There could be a VERY interesting movie made about this sub culture... its so hidden, except a few inspirational people out front, and a few tragic star "failures."... Not that I think they are failures, such as Carnie... She has kept off around 100 lbs I believe. If everyone could tell their story and come out of the closet at once... perhaps there could be a revolution. So many people know the pain of overweight and obesity... I see the photos here, and there are so many beautiful faces and intelligent , emotional and moving stories. Fat prejudice is really a horrible and pernicious thing. So misunderstood.
I almost see where I might feel like I am a fat person "passing for thin." after I lose weight. Anyone here feel that way? You may be thin, but don't feel like a "real" thin person? Whatever that is! The times I have lost weight in the past, I thought "I have it now, I can stay this way at last...I have found the trick" Then I would lose the trick and gain back the weight.
So many overweight people have lost weight for a while, but the elusive 4% that keep it off with diet and exercise… or the few that lose weight taking thyroid meds or something like that… its really such a small amount of us that have been able to lose it and keep it off … until surgery.
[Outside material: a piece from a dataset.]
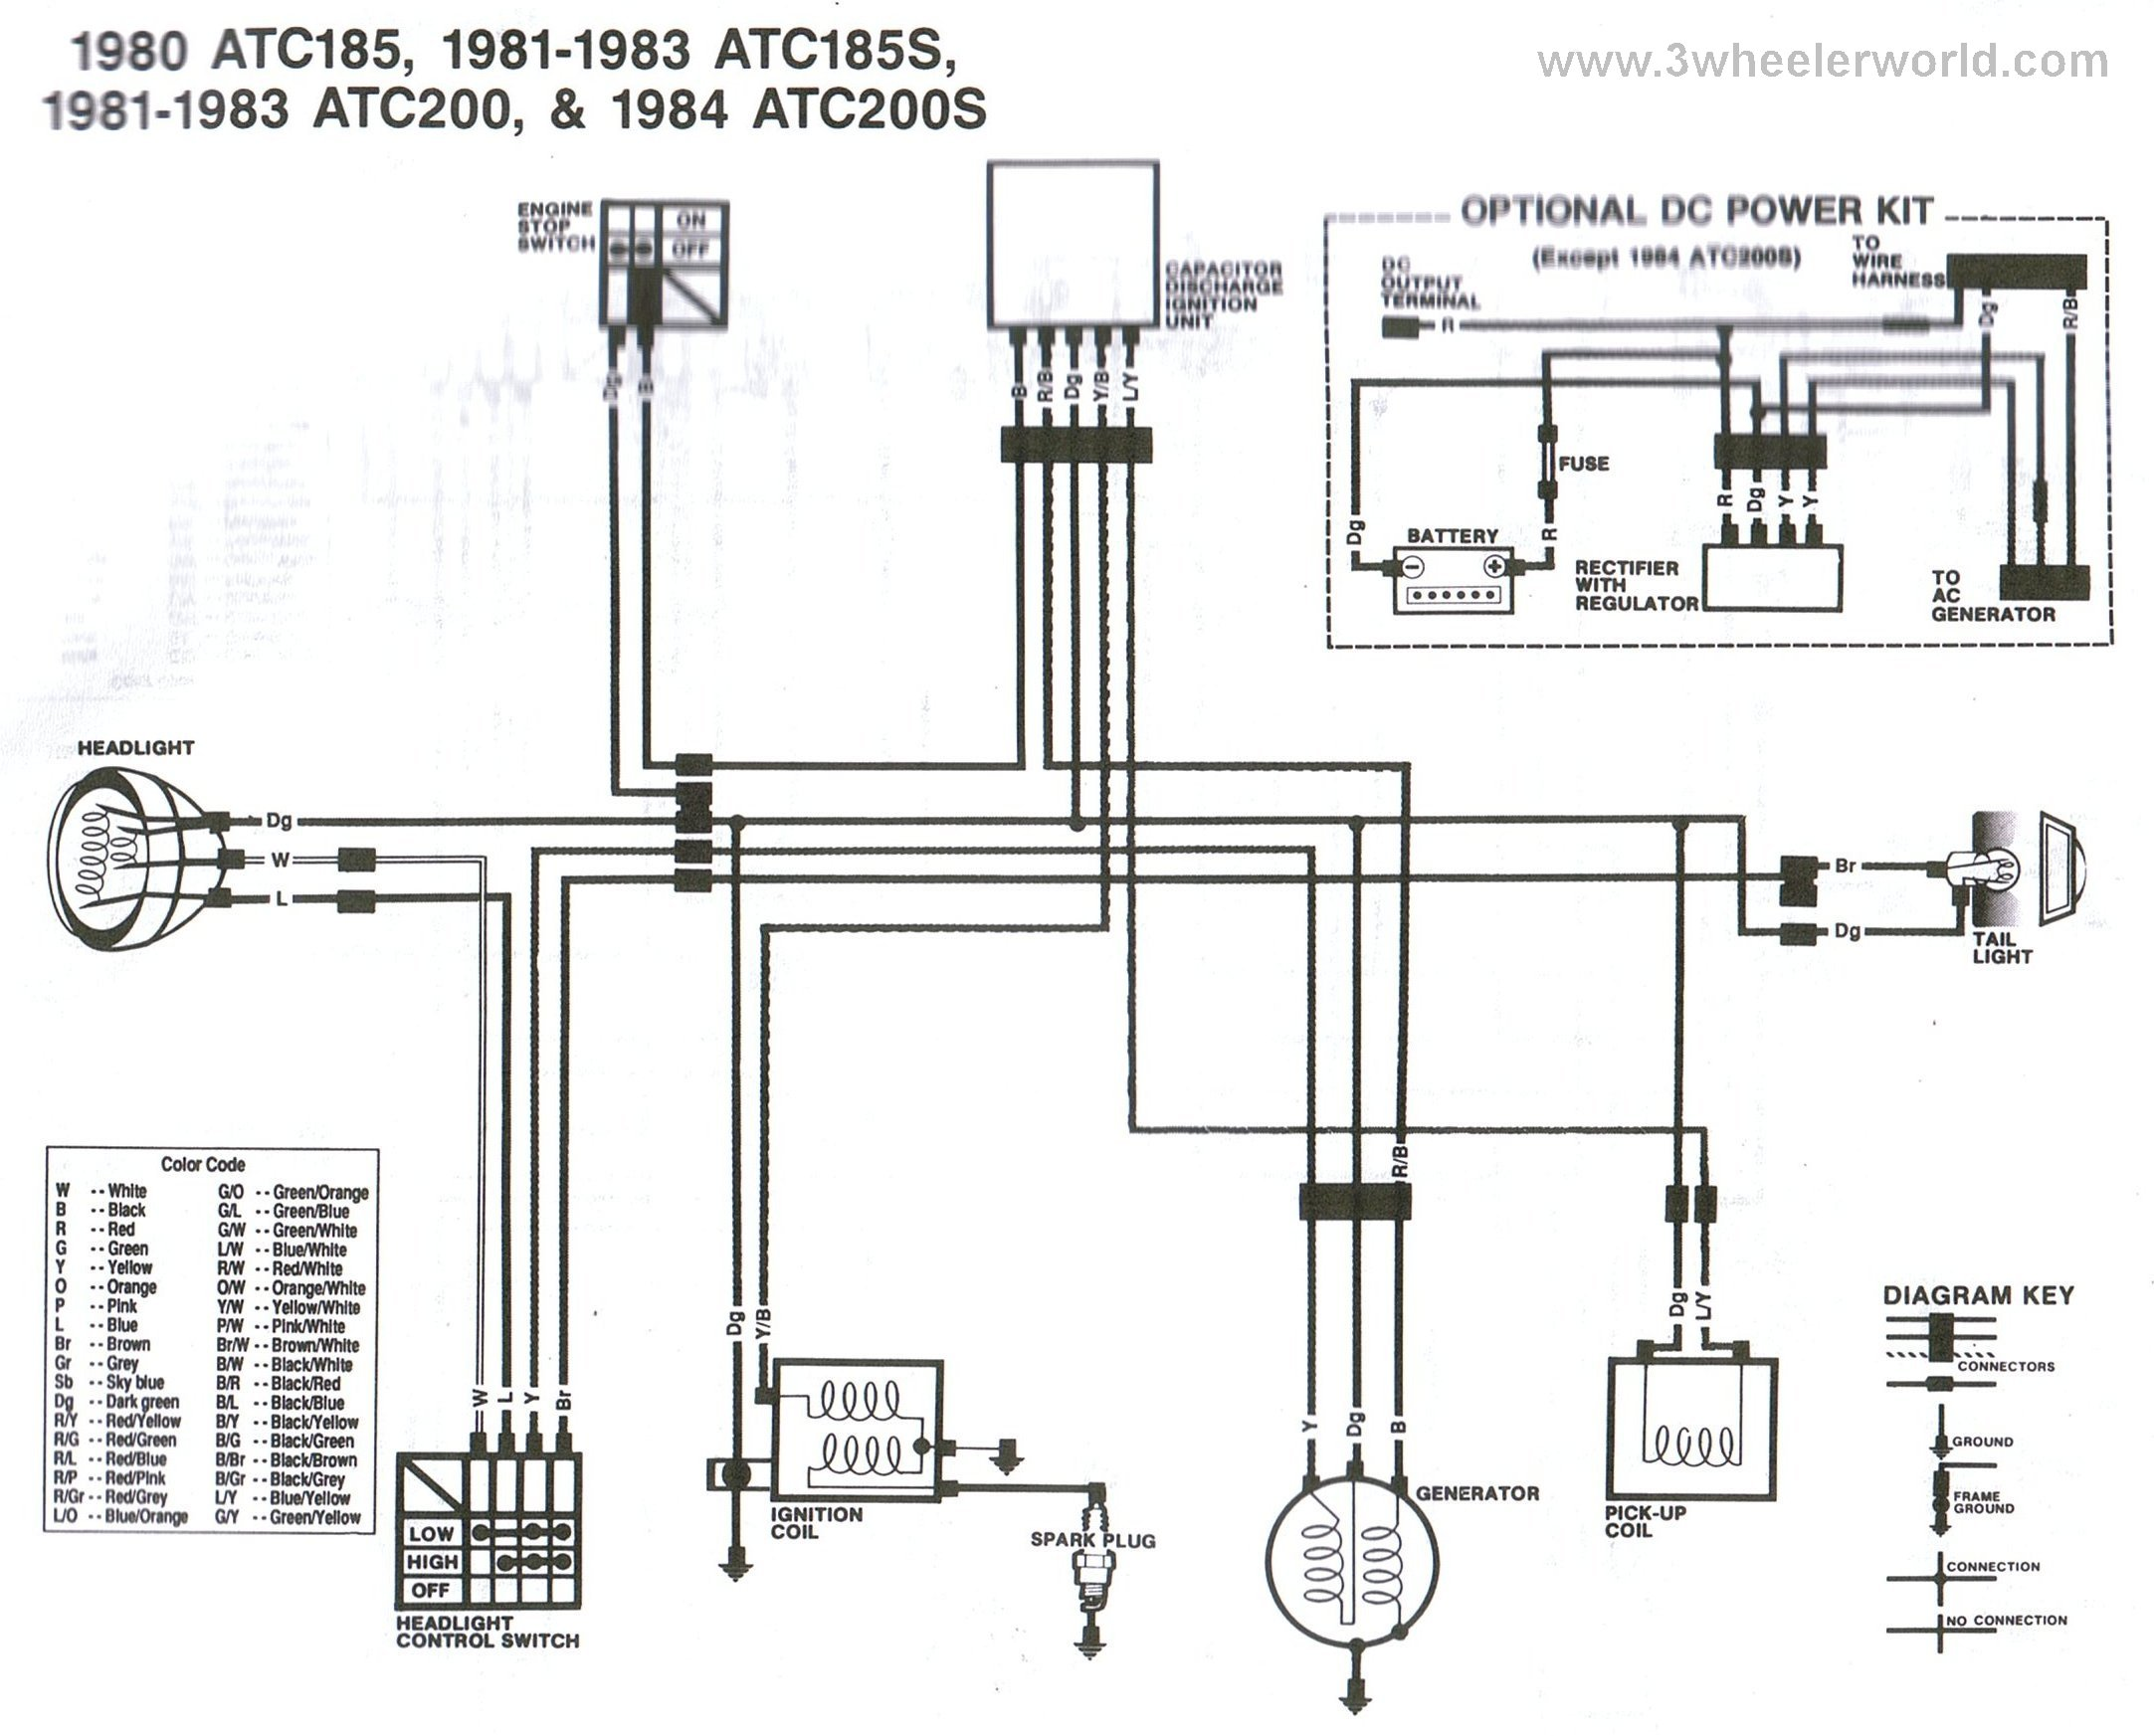 1990 honda fourtrax 300 wiring diagram thrust stage detailed 90 data atc we 350 200e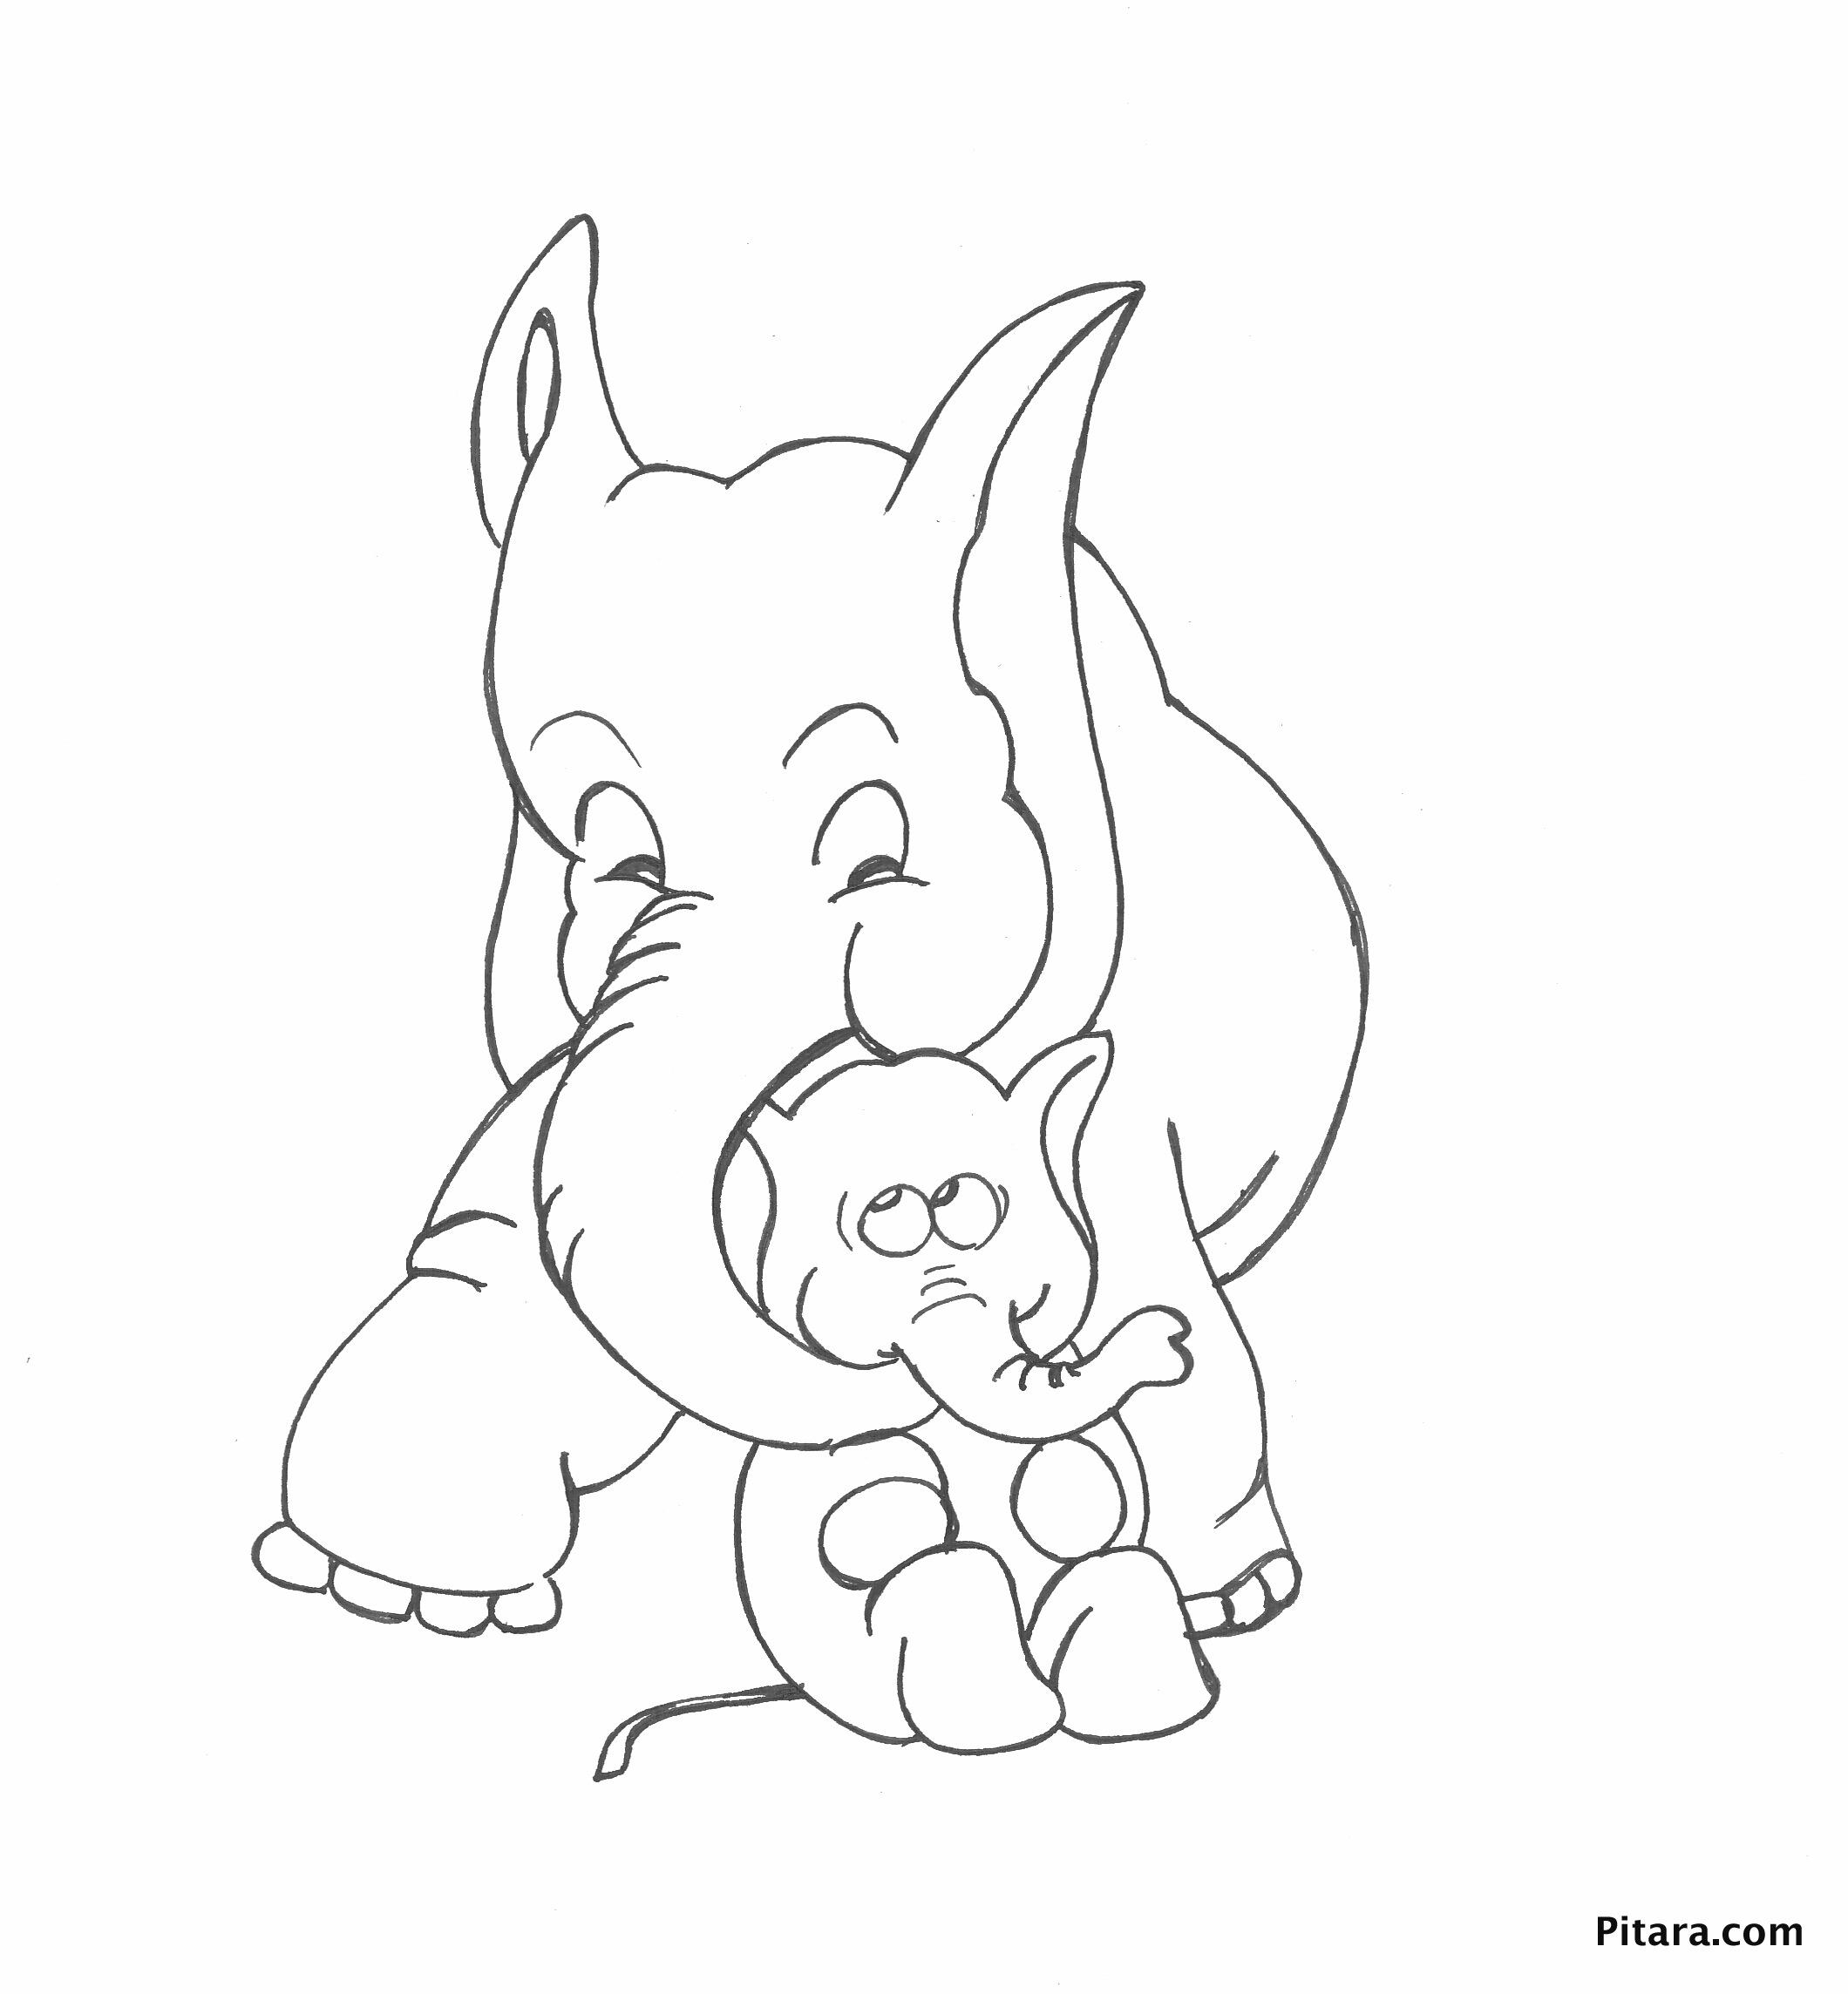 Elephant - Mother & baby

Surgery is the only time most of us have had to really sit in the thin body for a while. Do you ever feel like you are thin? or is there a little voice whispering " this wont' last" "the inside doesn't match the outside" or something like that. I am obese now. I have not gotten surgery yet. I will talk about that sooner or later I'm sure. But I cant really say I feel like I'm a fat person. I just feel like ME… and ME isn't quite as fat as I think I look like in the mirror. I look in the mirror sideways and cant 'believe that its me blobing out that way. I look at photos of me from the 70's when I weighed 145lbs and thought I was fat. Boy oh boy. I had NO ass and I thought I was fat. How can I expect to see my self as I really am with that kind of distortion!
I'm sure there is some sort of "lead water pipe" going on at this time in history... like when the Roman elite used lead pipes to carry drinking water to their homes, and went crazy from lead poisoning.
What is the lead pipe that leads to obesity?